Gallant wasn’t his only victim. Chambrun embezzled thirty thousand dollars from W. Somerset Maugham by secretly negotiating the world rights to his books. When Ben Hecht ghost-wrote Marilyn Monroe’s memoir, Chambrun sold a scandalous passage to a London tabloid for a thousand pounds with neither Monroe nor Hecht’s permission; Monroe was so unnerved by the article that she rescinded her support for the book and Hecht had to return his five-thousand-dollar advance to Doubleday. (“My Story” was eventually published, twenty years later, but Hecht was not credited until the book’s third printing.)
Chambrun quietly arranged for the books of Grace Metalious (author of “Peyton Place”) to be published in Britain, France, Germany, and Italy and used the money from these deals to cover his debts to Jack Schaefer, another client.
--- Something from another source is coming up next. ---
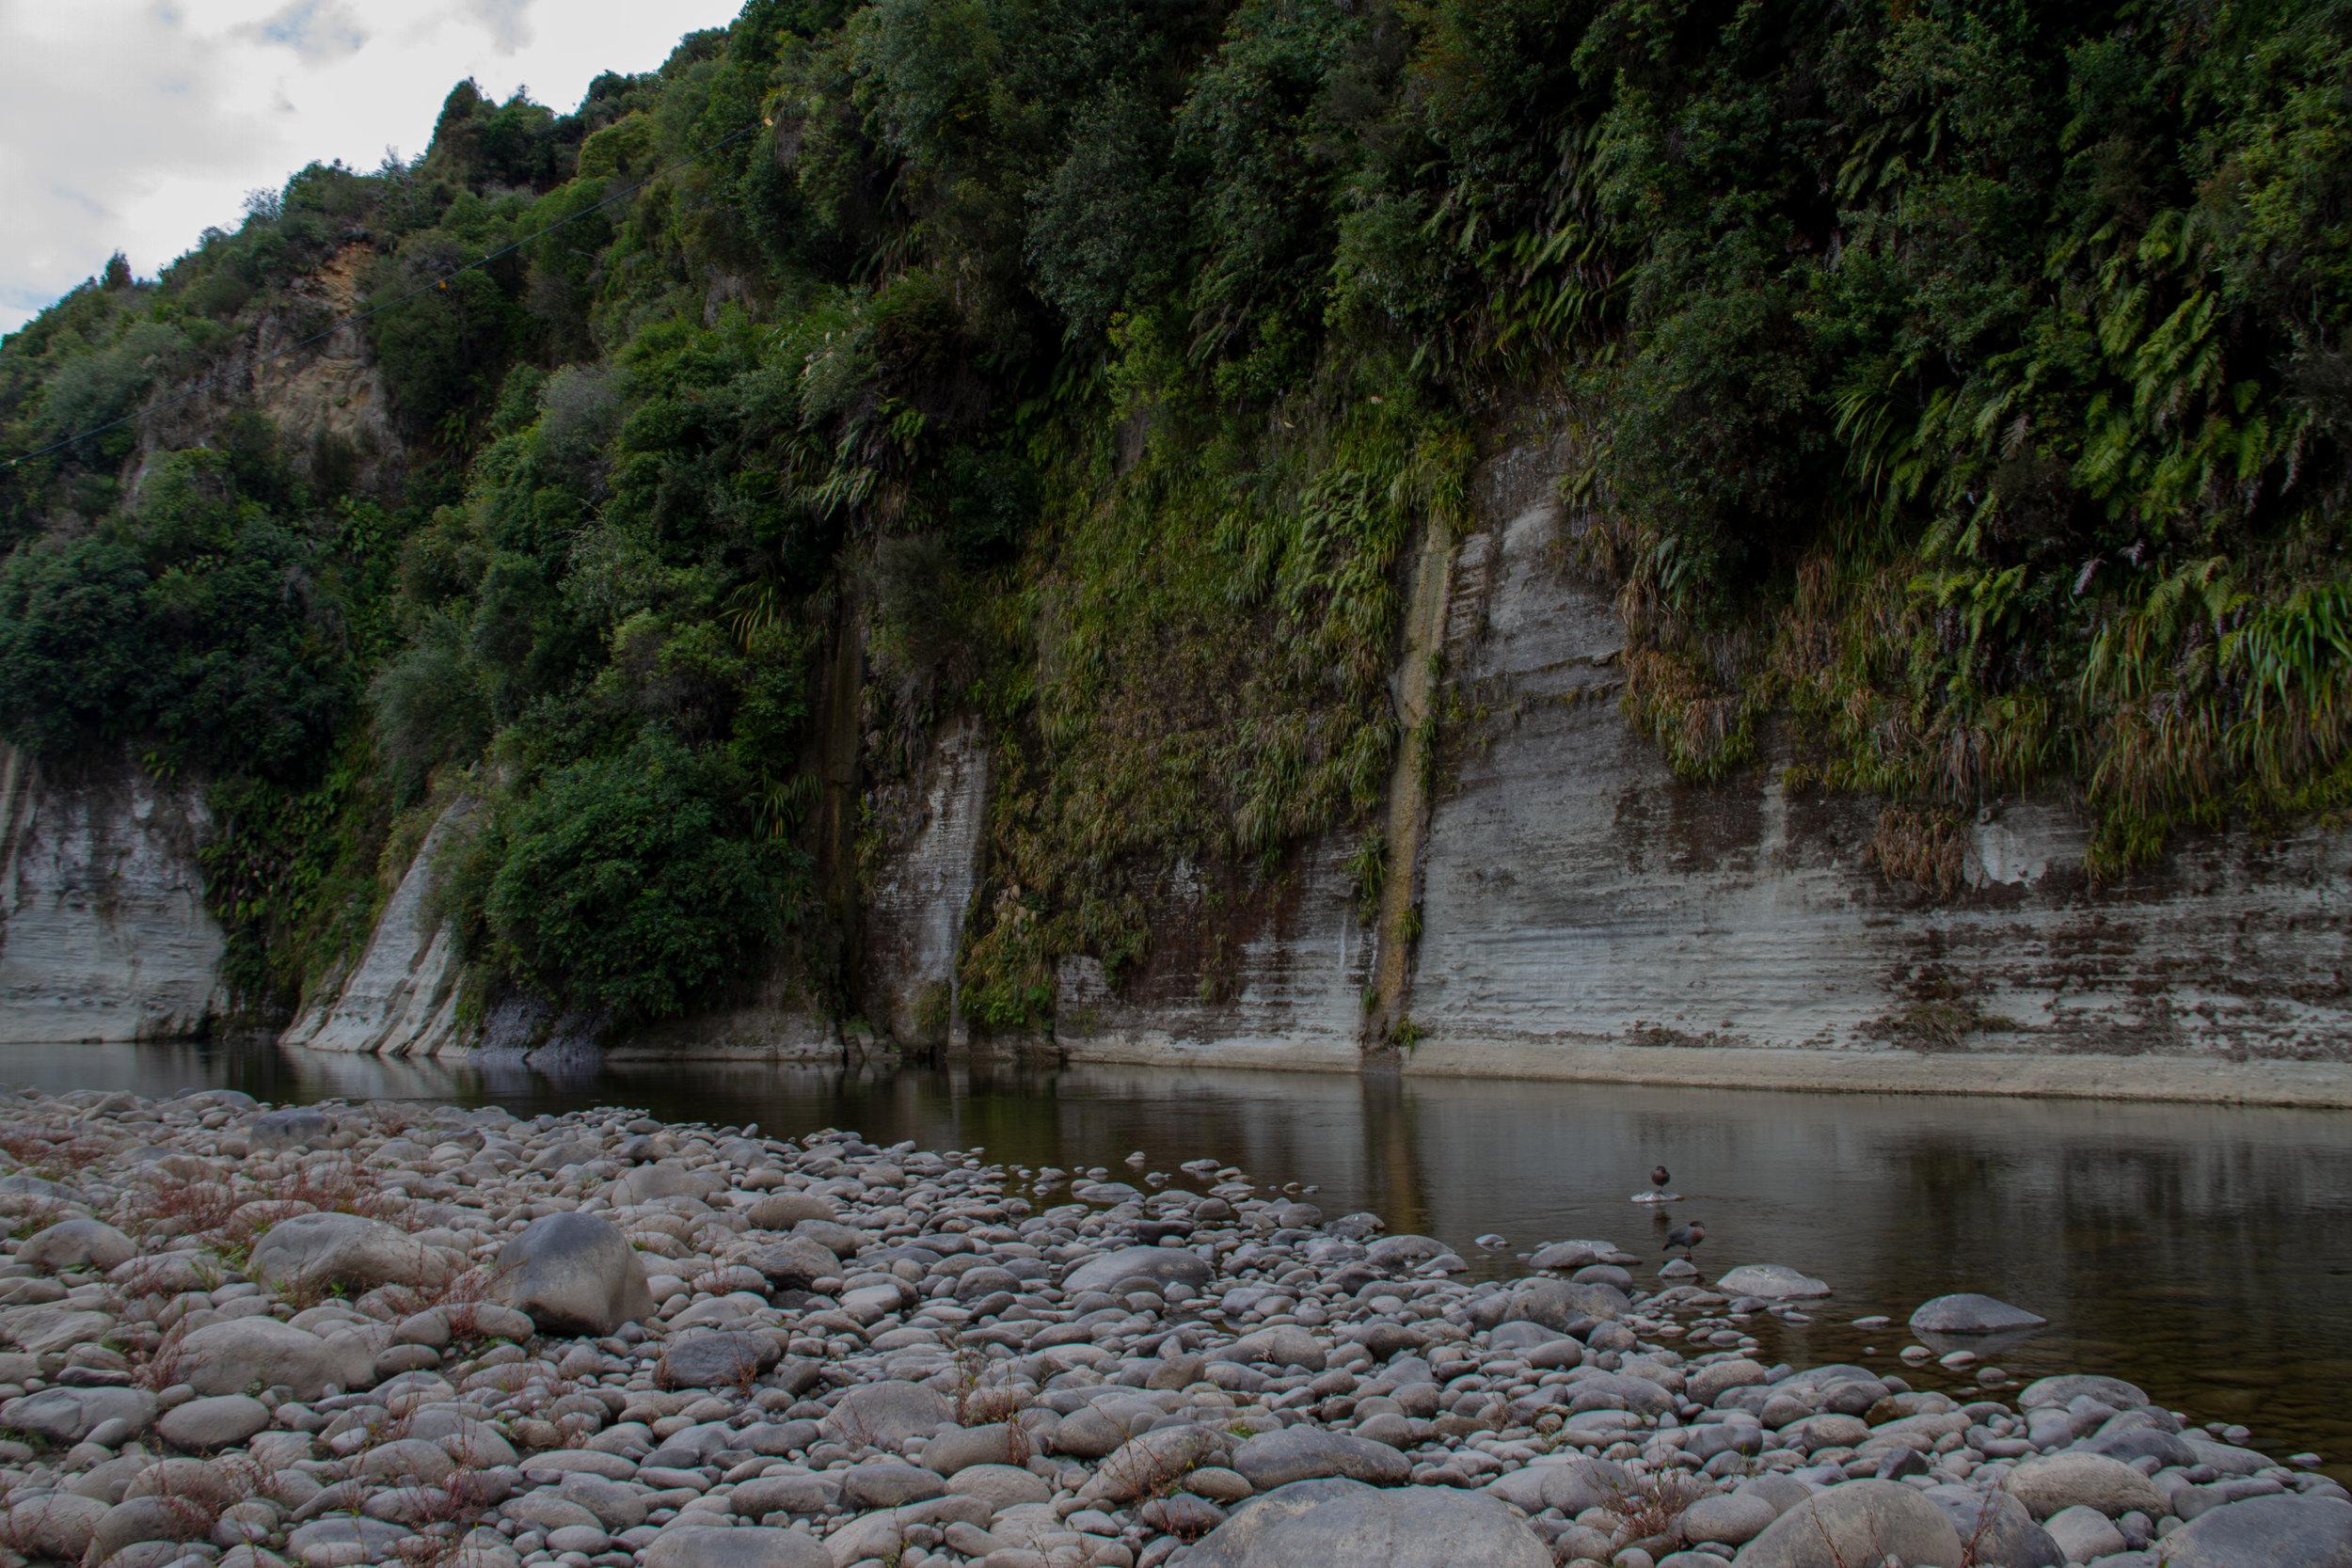 Two Whio Sleeping, Ruatiti River, Raetihi, 2019

Chambrun had used the money from Schaefer’s foreign rights to pay back Maugham, and so on and so on, in a kind of literary pyramid scheme. Chambrun was transparent about his methods, at least to those who inquired. If authors threatened legal action, as many reportedly did, Chambrun offered a stump speech: “If you put me in jail, I can’t earn any money, and I can’t pay you back. If you don’t sue me, I’ll pay you back.” The pitch worked. All of his authors abandoned him, but not as quickly as one might imagine. Money trumped revenge, and some writers, like Hecht, were still grateful to Chambrun for their careers.
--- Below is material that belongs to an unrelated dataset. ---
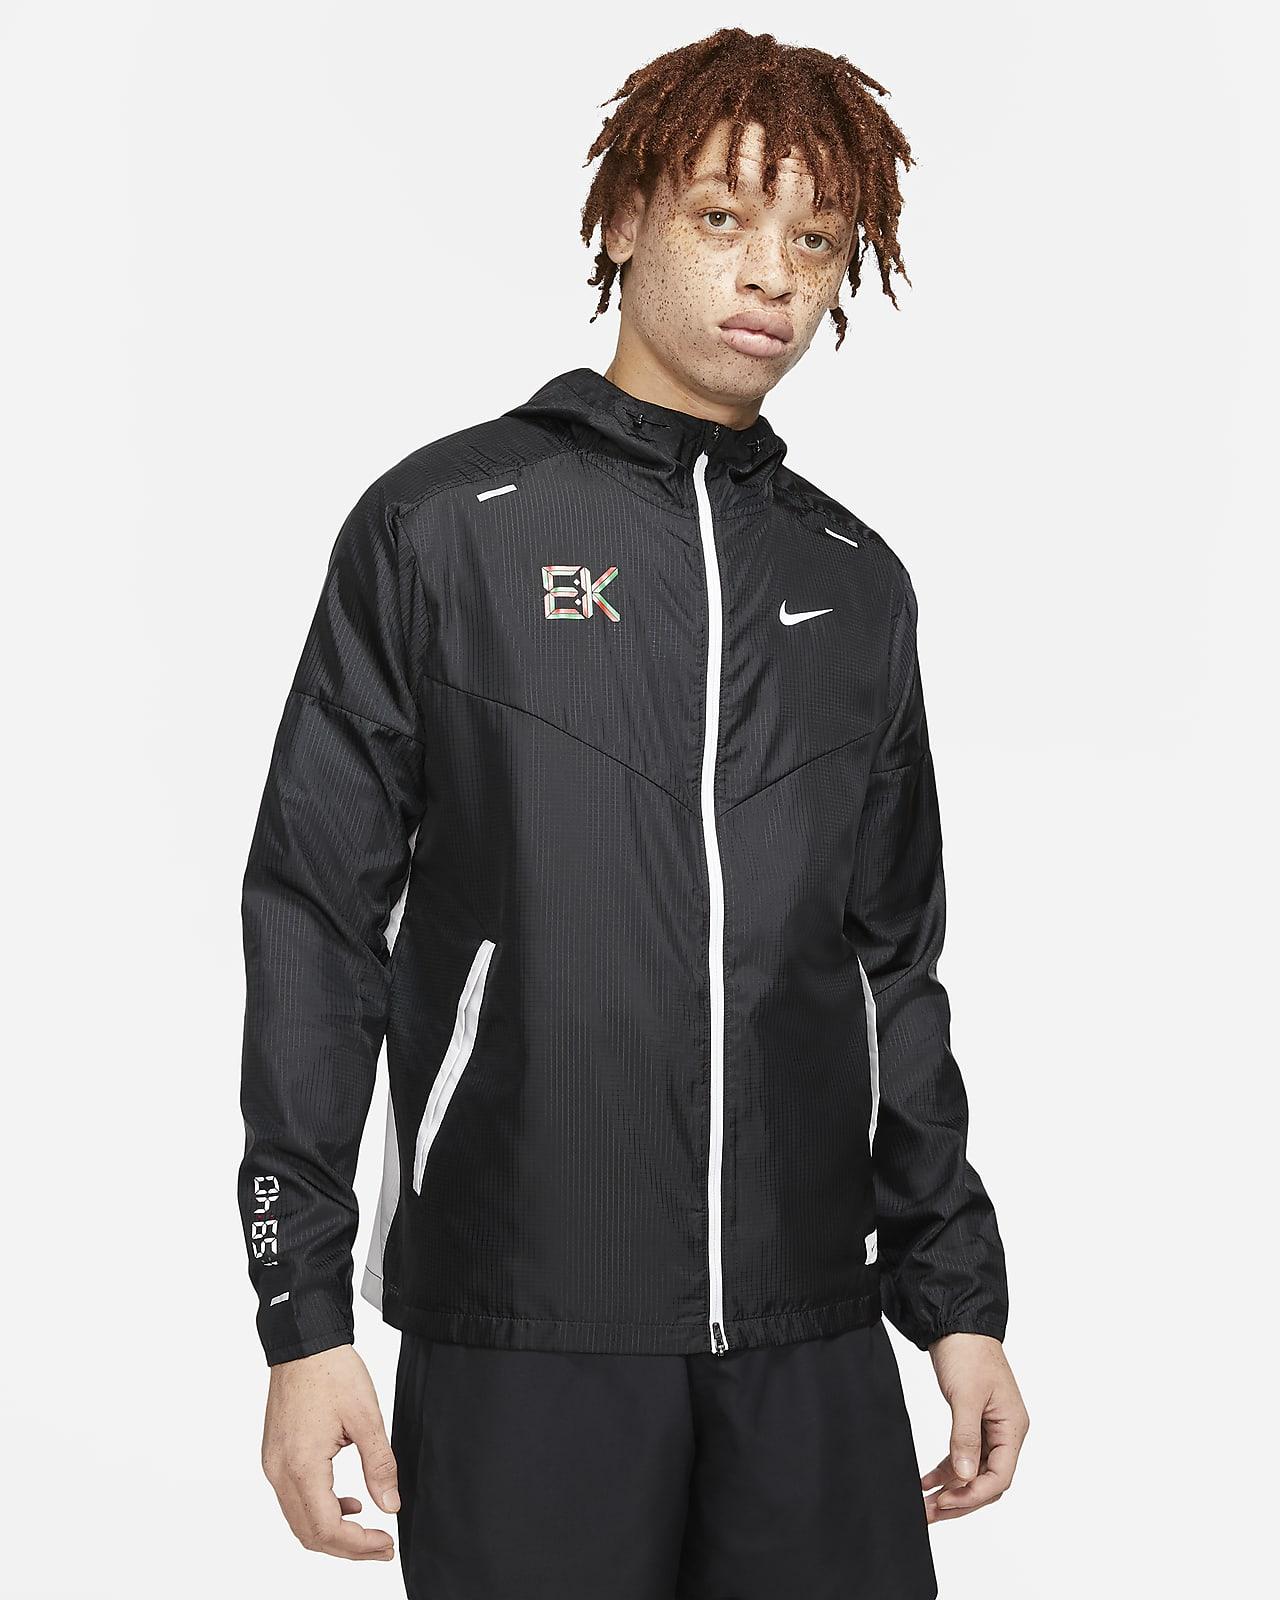 Giacca da running Nike Windrunner Eliud Kipchoge - Uomo

According to the New York Public Library’s records, Chambrun’s client list included many established authors, like Zora Neale Hurston, Aldous Huxley, and H. G. Wells, with relatively deep coffers to skim from. But Chambrun stole just as readily from his younger clients, like Gallant. He sold manuscripts and stories behinds his clients’ back and produced contracts allotting him a twenty to thirty per cent commission. (Agents typically take fifteen per cent.) “This man knew I had not two cents to put together,” Gallant said of Chambrun in an interview earlier this year with Radio-Canada. She left Chambrun after her editor at The New Yorker urged her to do so. “I woke up,” Gallant said.
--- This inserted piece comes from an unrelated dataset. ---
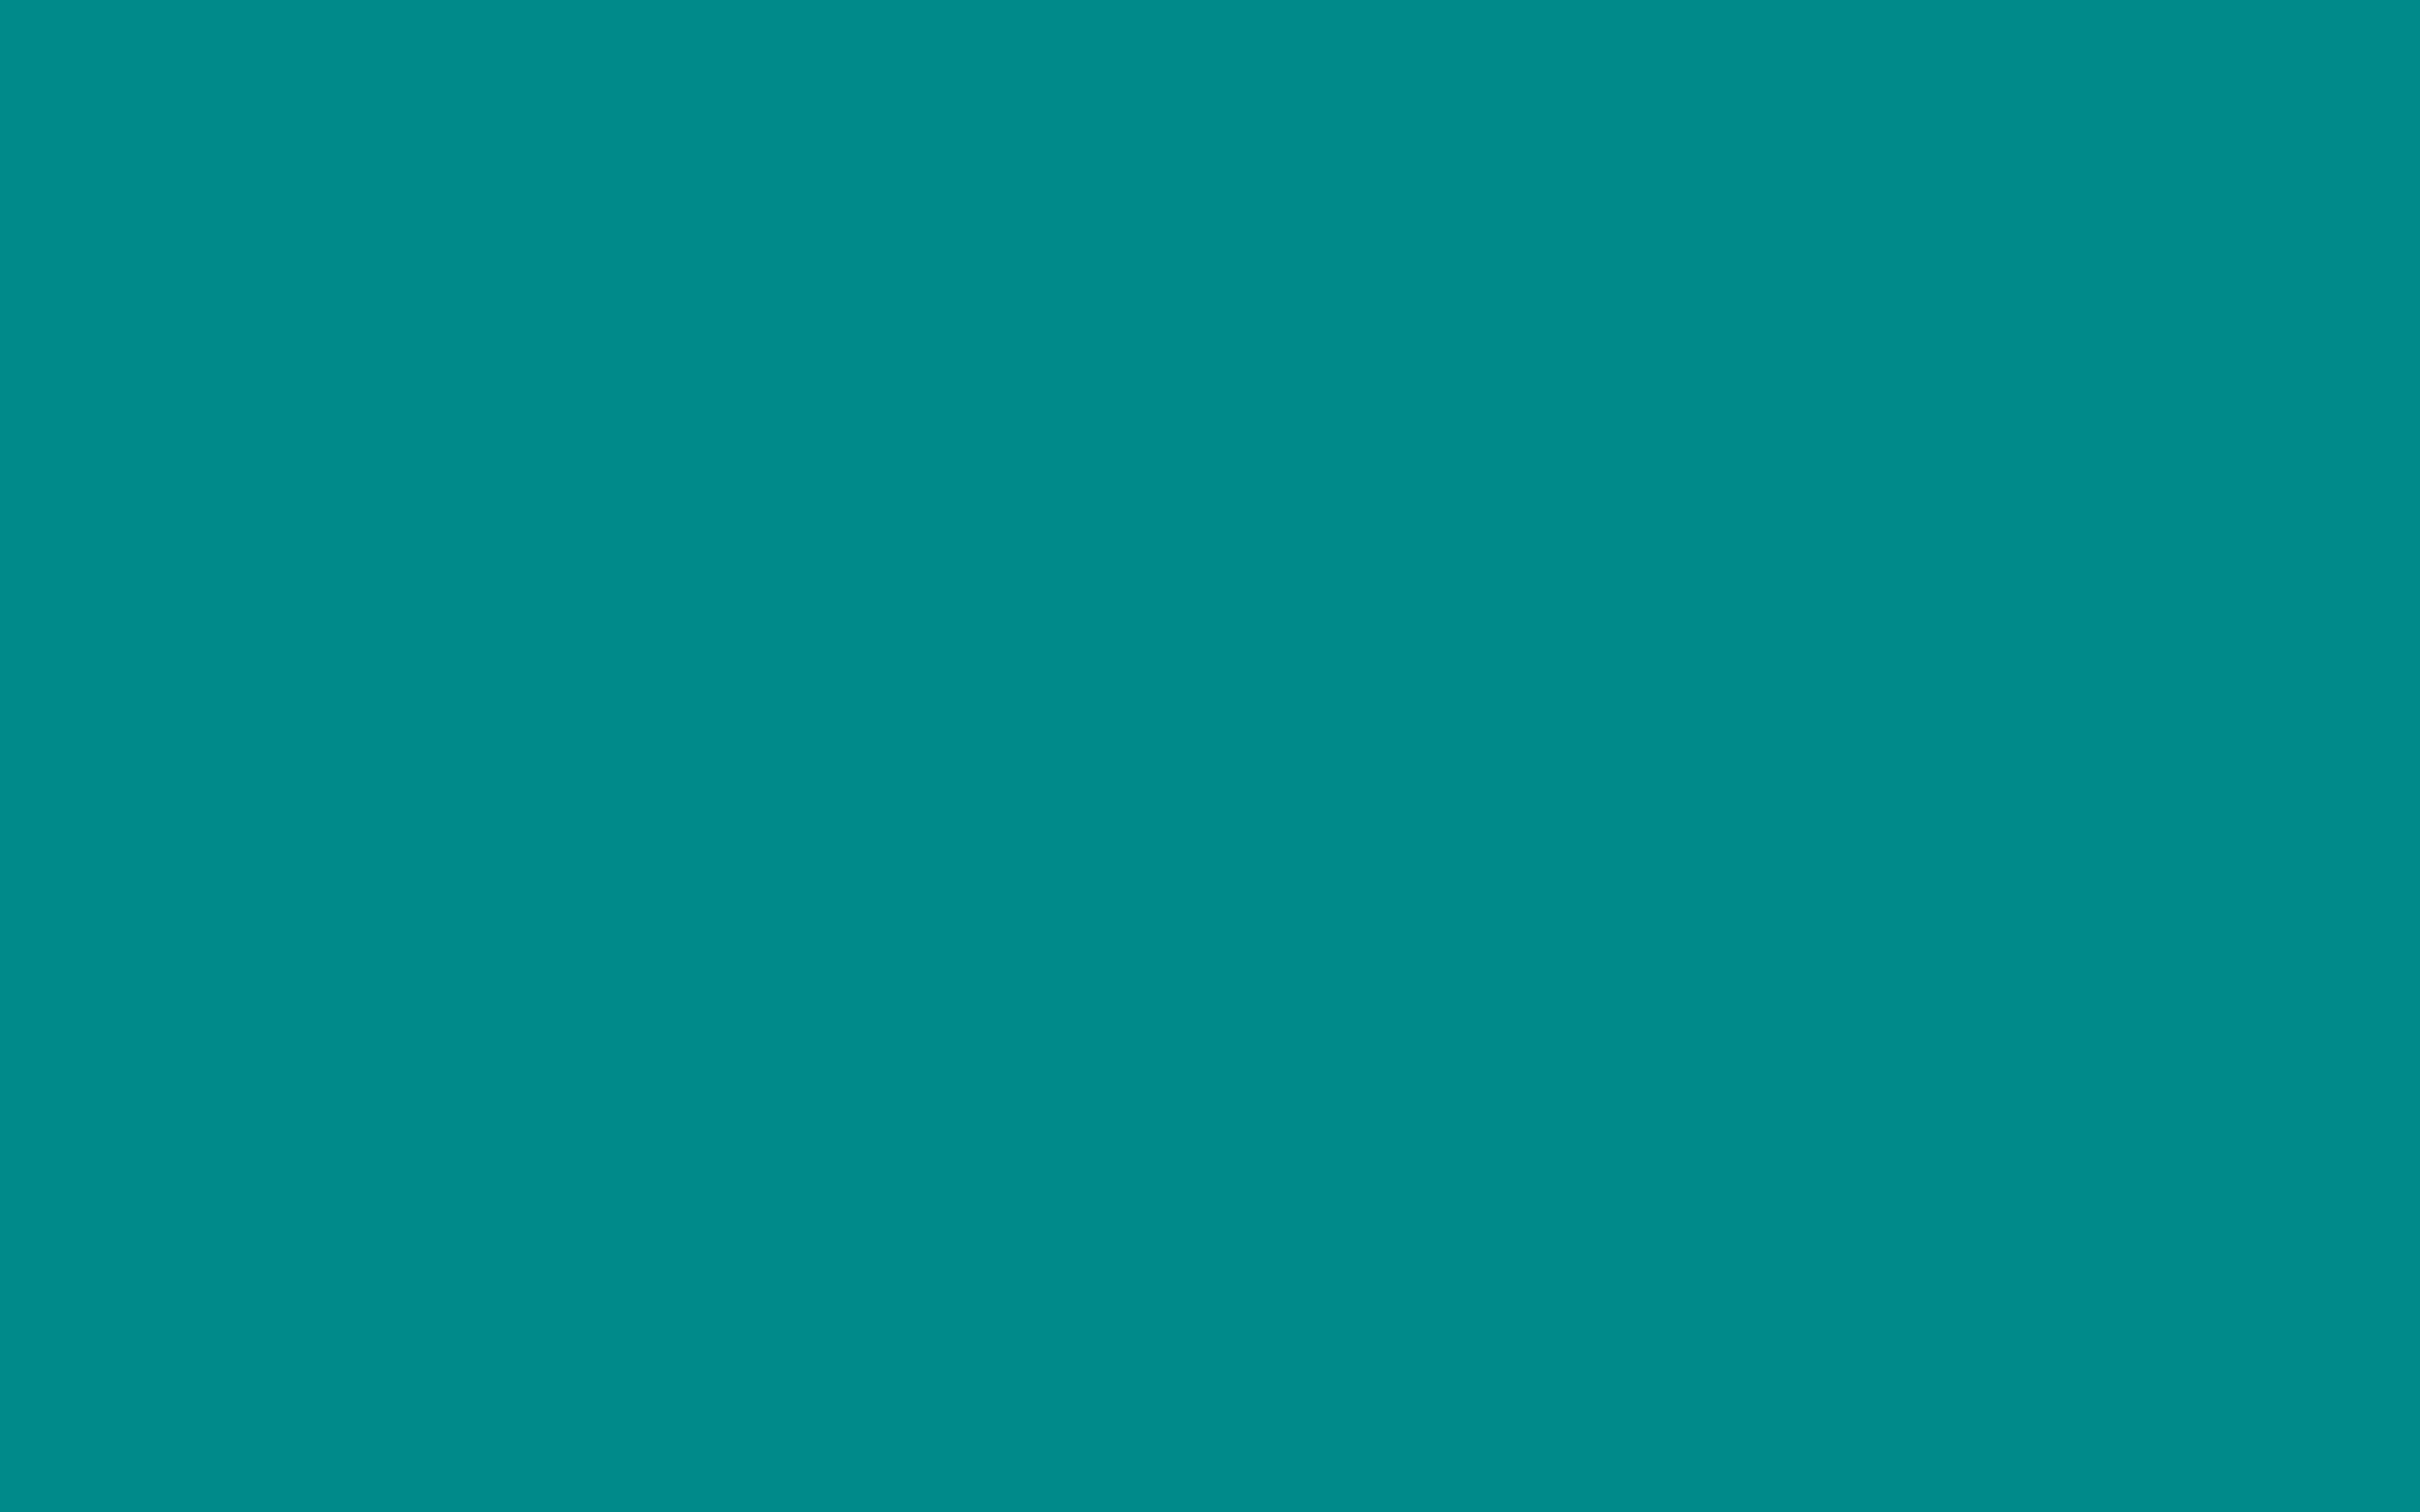 2560x1600 Dark Cyan Solid Color Background

Chambrun was grandiose and very French—a combination that made writers feel like a big deal long before they got to be one. Grace Metalious was seduced by his name alone. “I just picked your name cold out of a book,” she wrote in her first letter of inquiry, according to “Inside Peyton Place,” a biography of Metalious by Emily Toth. Chambrun wore a boutonniere, travelled in a chauffeured car, and maintained an office at 745 Fifth Avenue—across the street from the Plaza Hotel. He could be elegant or oily, depending on whom you asked. Knox Burger, an editor and agent, once described Chambrun as a “feral character” and said he would be perfect “if you were casting an unctuous Levantine villain in a 1950 film noir.” He dyed his hair a deep black and threw Hugh Hefner-style parties in his basement pool. Chambrun claimed relation to the French counts de Chambrun, but rumor had it he was raised in the Bronx. (There’s a record of a Jacques Chambrun born in New York in 1906, but no one is certain that this was even his real name.)
In 1956, when he had no clients left, Chambrun started 16, a celebrity magazine for teen-age girls with cover stories like “Barbara Hearn: Elvis’ Girl Friend Tells Why She Makes Up as She Does.” He and a partner wrote most of the magazine’s stories under the pseudonym Georgia Winters. In 1958, Chambrun yielded control of the magazine to Gloria Stavers and slipped away. He died in 1976, according to Toth. Gallant heard that he was killed in a car crash, along with his two dogs. Gallant’s checks were recovered, but all the possessions she sold to survive those dry months in Spain—her grandmother’s ring, her typewriter—were not. “I never forgave him for that,” she said.